▸ WORK TASK
Give the listing again character for character, but drop the images.

▸ INFORMATION SUPPLIED
^^^^^^^^

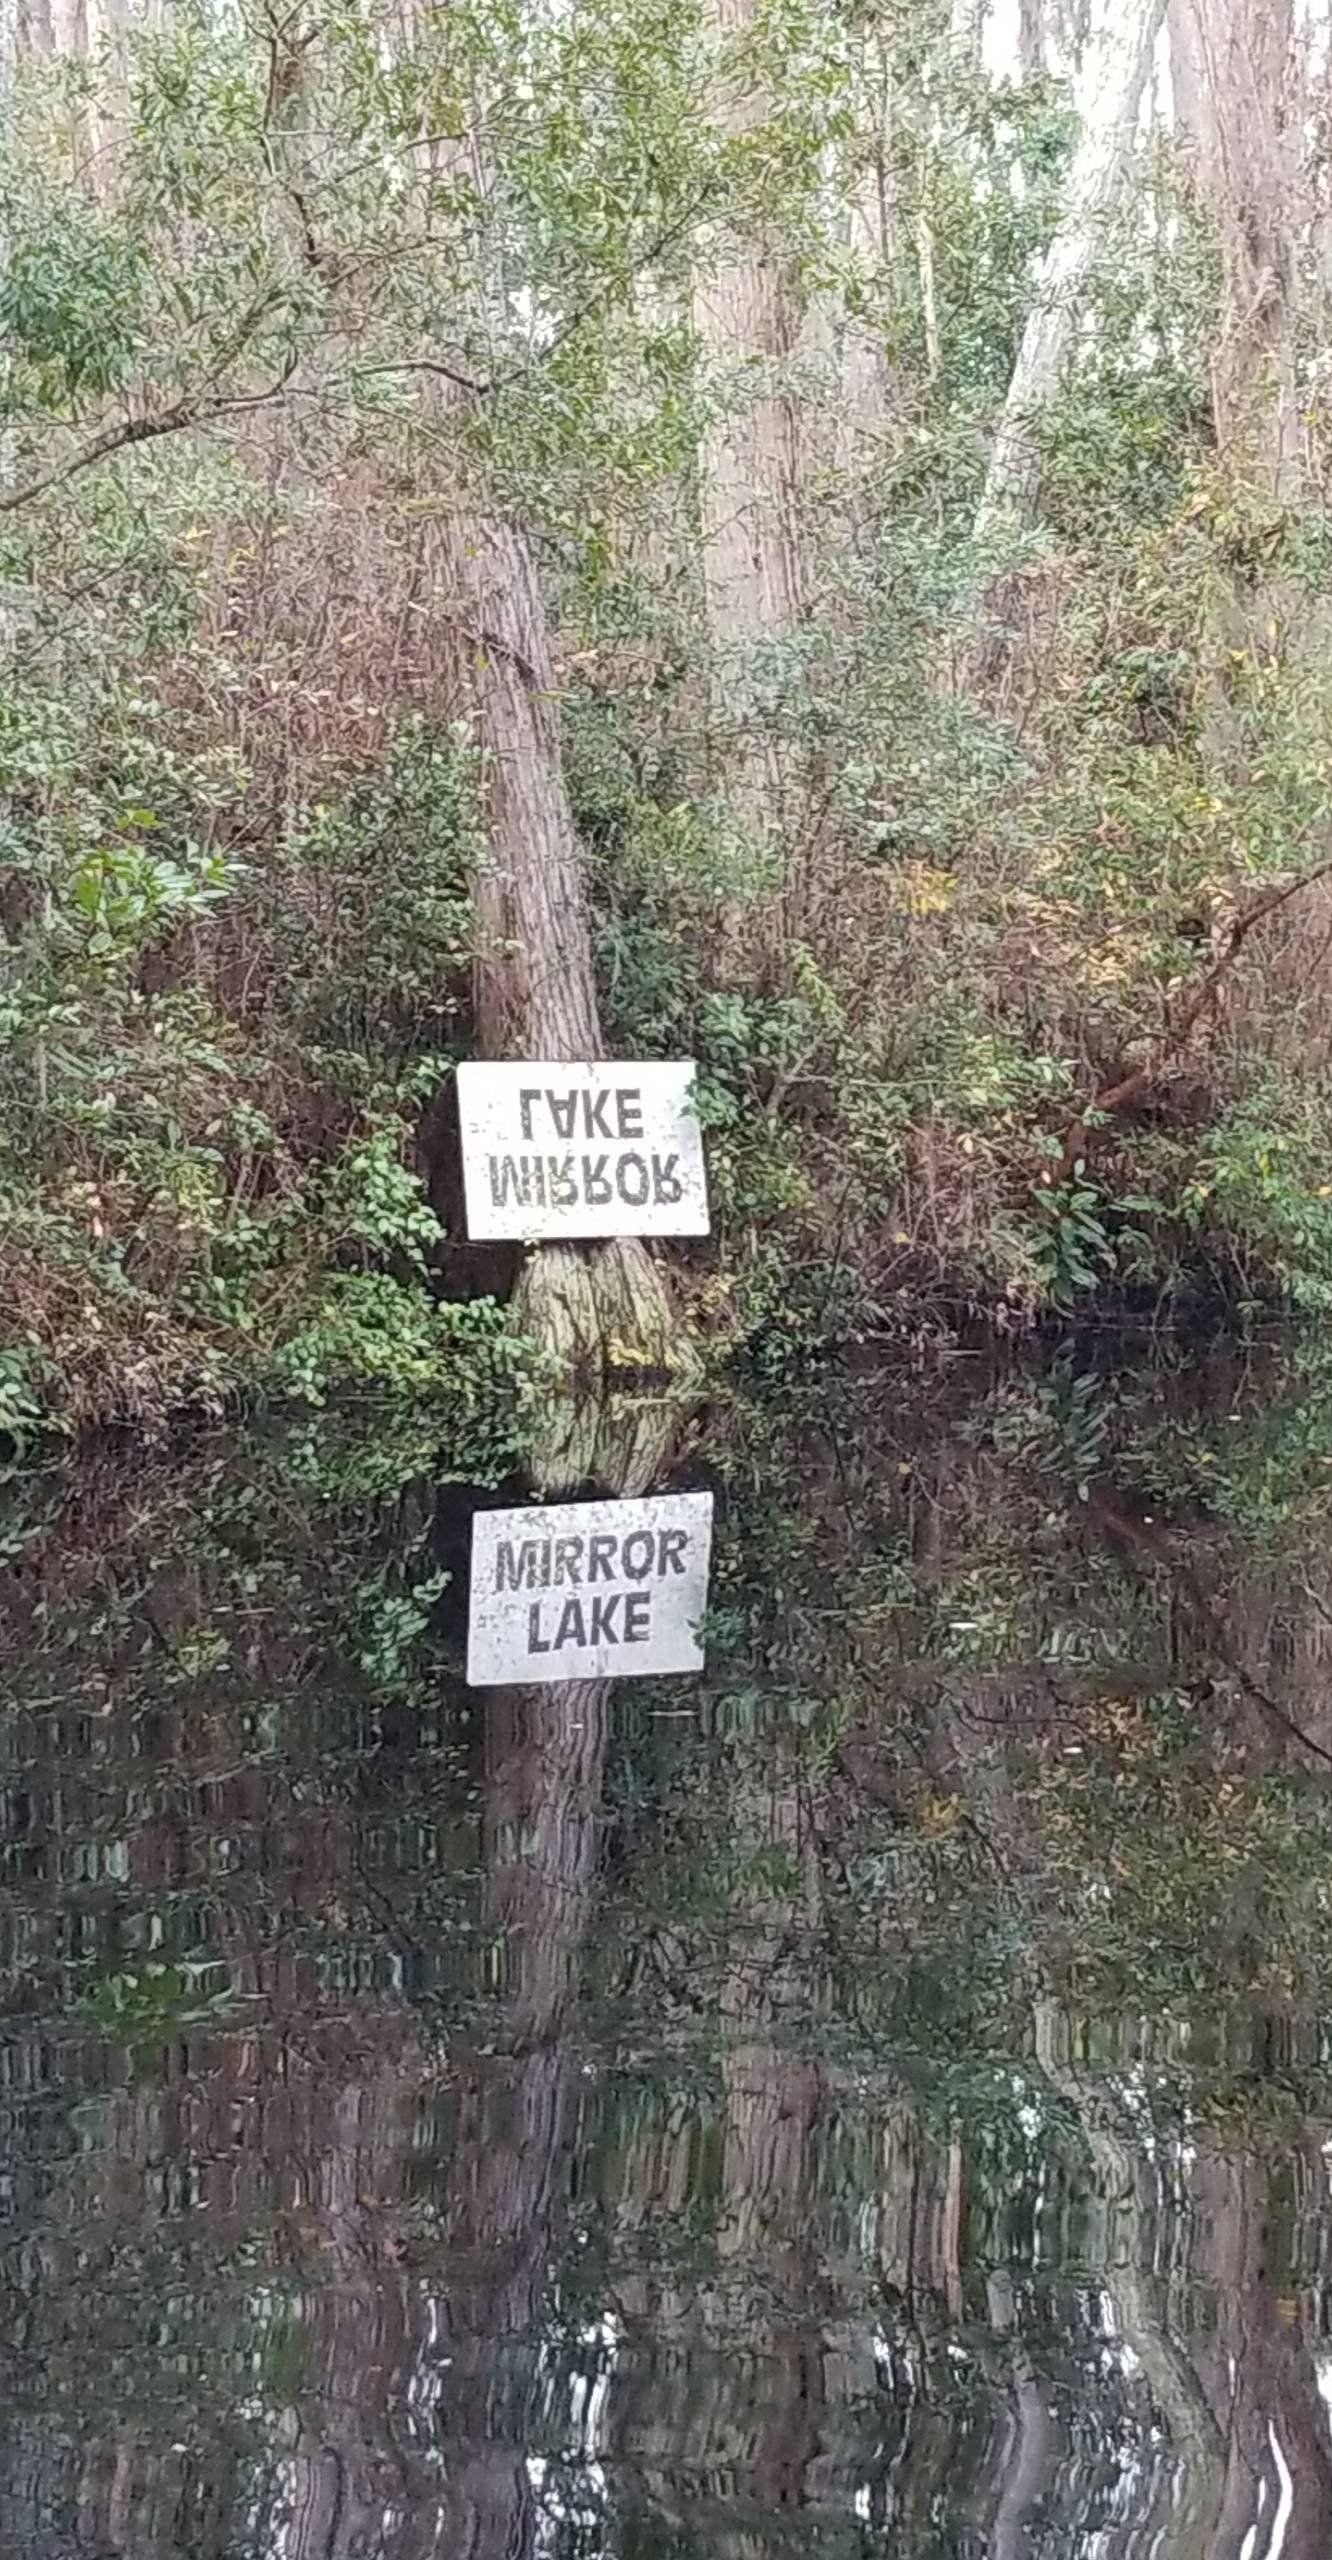 Lake Mirror or Mirror Lake?
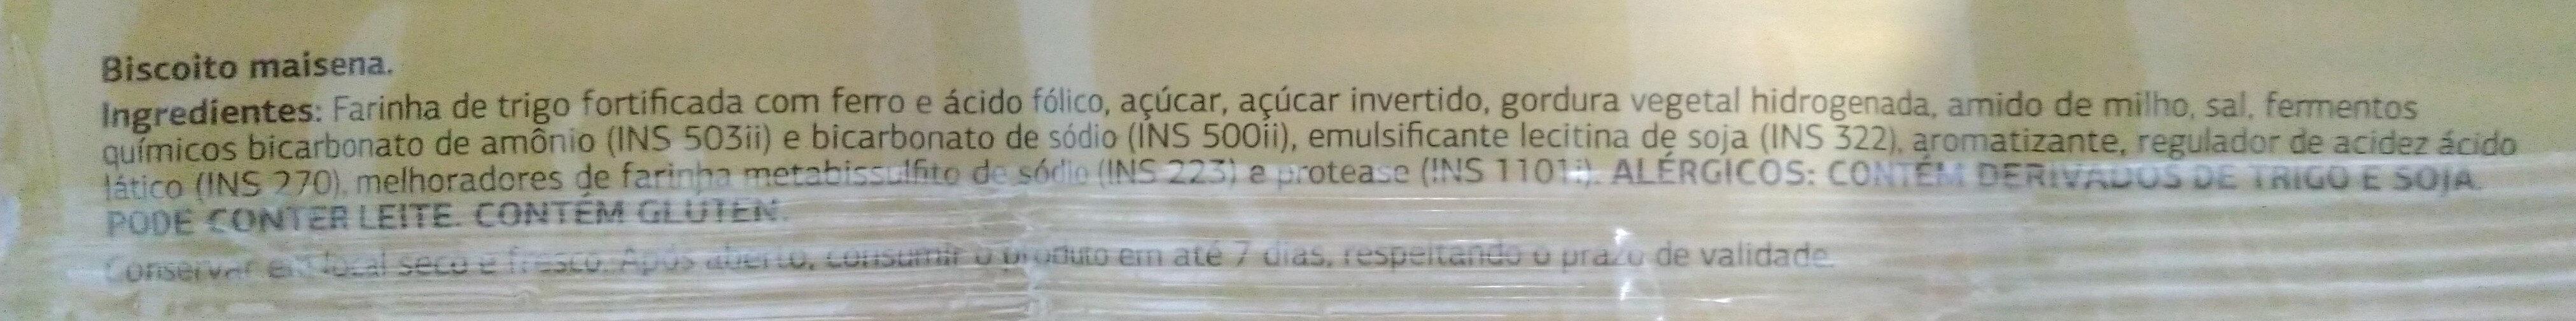 Biscoito Maisena - Ingredientes - pt
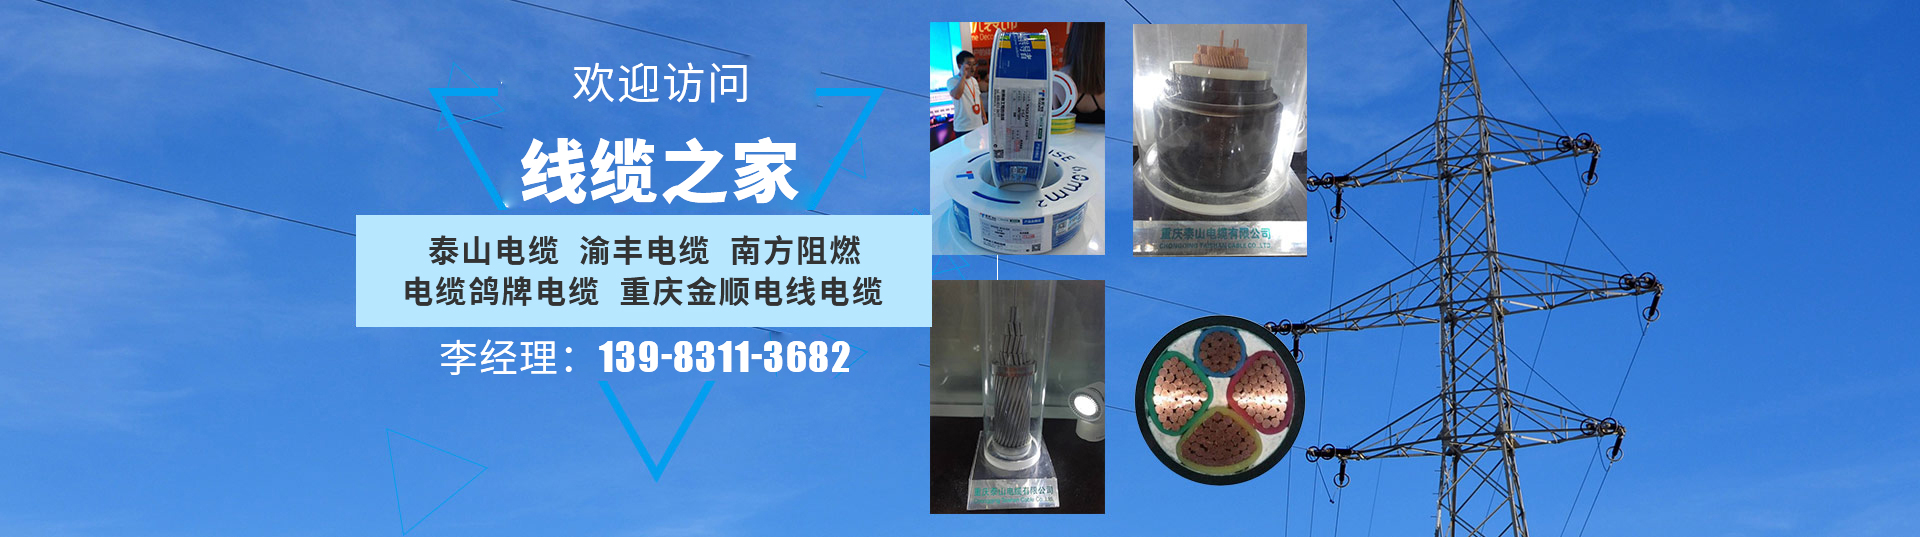 重庆电线电缆

^^^^^^^^

▸ ANSWER SPACE
 Lake Mirror or Mirror Lake?
 Biscoito Maisena - Ingredientes - pt
 重庆电线电缆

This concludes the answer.